下图左边是自己用画板手绘的图，由于画板为背景白色前景黑色，所以反转成笑脸白色背景黑色。

二值化函数的代码如下：

def thre_bin(gray_image, threshold=170):  
    """
    binary image
    Args:
        gray_image:image with gray scale
        threshold:the split standard
    Returns:
        bin image
    """
    threshold_image = np.zeros(shape=(image.shape[0], image.shape[1]), dtype=np.uint8)
    # loop for every pixel
    for i in range(gray_image.shape[0]):
        for j in range(gray_image.shape[1]):
            if gray_image[i][j] > threshold:
                threshold_image[i][j] = 1
            else:
                threshold_image[i][j] = 0
    return threshold_image
bin_image = thre_bin(invert_image)
plt.imshow(bin_image, cmap="gray")

二值化以后视觉效果是不会变的，仅仅是将像素值严格限制为0和1（也可以是0和255）。

2、腐蚀

假设有一个模板B（就是一个红色的3x3的框，没有任何值，出于简化的考虑）这个模板在一个图像P中进行移动。那么模板和图像的运算规则就决定了输出图像是被腐蚀还是被膨胀了。

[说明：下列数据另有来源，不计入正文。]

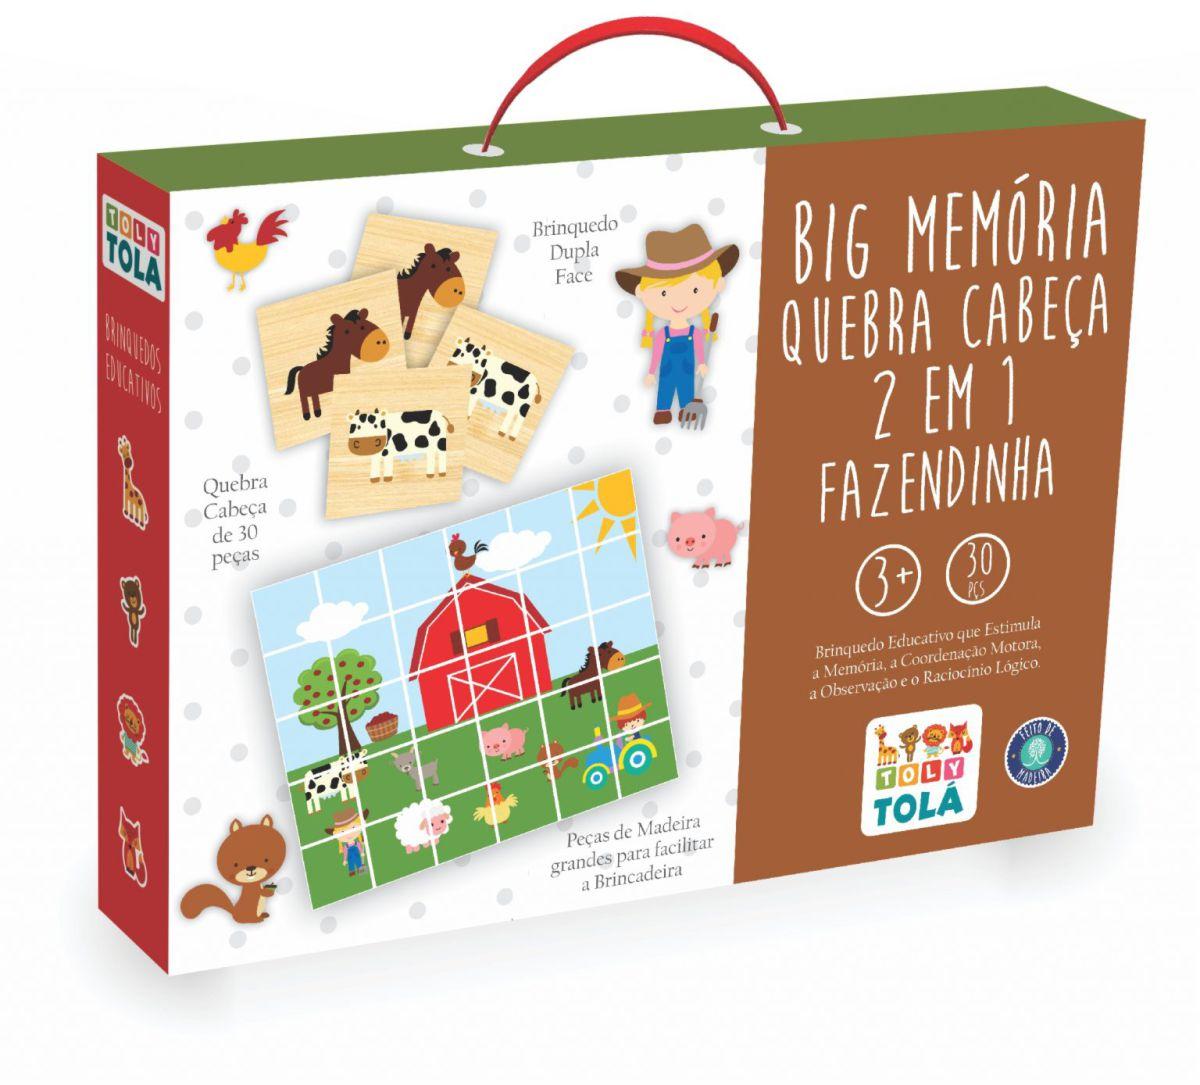 brinquedo-big-memoria-quebra-cabeca-2-em-1-fazendinha-zastras

考虑下面的图像，1表示白色区域，0表示黑色区域，现在对图像P和模板B的计算制定一条规则：选取红色方框内的最小值作为新图像的中心值。那么红色方框中最小值是0，也就是新图像对应方框中心位置的像素值是0。

想象一下就会发现红色框在移动中，框里面的最小值大多数都是0，也就是说新图片大多数都是0的像素值（即黑色）。那么什么情况下能得到1呢（白色）？仅仅当模板在下面这张图的位置能得到1，也就是只有在框内数值均为1时才能使得最小值是1。

综上，新的图像只有一处像素值为1（白色），其它位置都是0（黑色），即这张图像被“腐蚀”了。

代码如下：

kernel = np.ones(shape=(5, 5))
def erode_bin_image(bin_image, kernel):
    """
    erode bin image
    Args:
        bin_image: image with 0,1 pixel value
    Returns:
        erode image
    """
    kernel_size = kernel.shape[0]
    bin_image = np.array(bin_image)
    if (kernel_size%2 == 0) or kernel_size<1:
        raise ValueError("kernel size must be odd and bigger than 1")
    if (bin_image.max() != 1) or (bin_image.min() != 0):
        raise ValueError("input image's pixel value must be 0 or 1")
    d_image = np.zeros(shape=bin_image.shape)
    center_move = int((kernel_size-1)/2)
    for i in range(center_move, bin_image.shape[0]-kernel_size+1):
        for j in range(cen ter_move, bin_image.shape[1]-kernel_size+1):
            d_image[i, j] = np.min(bin_image[i-center_move:i+center_move,
                                             j-center_move:j+center_move])
    return d_image

上述代码实现的就是卷积操作，其中第一个if语句用来判断卷积核尺寸是不是奇数并且正整数，第二个if用来判断输入图像是不是灰度图像，如果不满足这两者就会抛出Error。接下来的双层循环是模板在图像以步长为1进行移动，并选取最小值过程。用来调用函数并绘图的代码如下：

e_image = erode_bin_image(bin_image, kernel)
plot_image = [bin_image, e_image]
plot_title = ["original image", "erode image"]
plt.figure()
for i in range(1, len(plot_image)+1):
    plt.subplot(1, len(plot_image), i)
    plt.imshow(plot_image[i-1], cmap="gray")
    plt.title(plot_title[i-1])
plt.show()

腐蚀的结果如前所料，白色区域减少，也就是像素值为1的位置减少。

3、膨胀

膨胀和腐蚀是两个相反的过程，上一节讲“选取红色方框内最小值”改为“选取红色方框内最大值”即可。选取框内最小值造成了1大量减少，那么选取框内最大值就会造成1大量增加，这里不再累述。代码如下：

kernel = np.ones(shape=(13, 13))
def dilate_bin_image(bin_image, kernel):
    """
    dilate bin image
    Args:
        bin_image: image with 0,1 pixel value
    Returns:
        dilate image
    """
    kernel_size = kernel.shape[0]
    bin_image = np.array(bin_image)
    if (kernel_size%2 == 0) or kernel_size<1:
        raise ValueError("kernel size must be odd and bigger than 1")
    if (bin_image.max() != 1) or (bin_image.min() != 0):
        raise ValueError("input image's pixel value must be 0 or 1")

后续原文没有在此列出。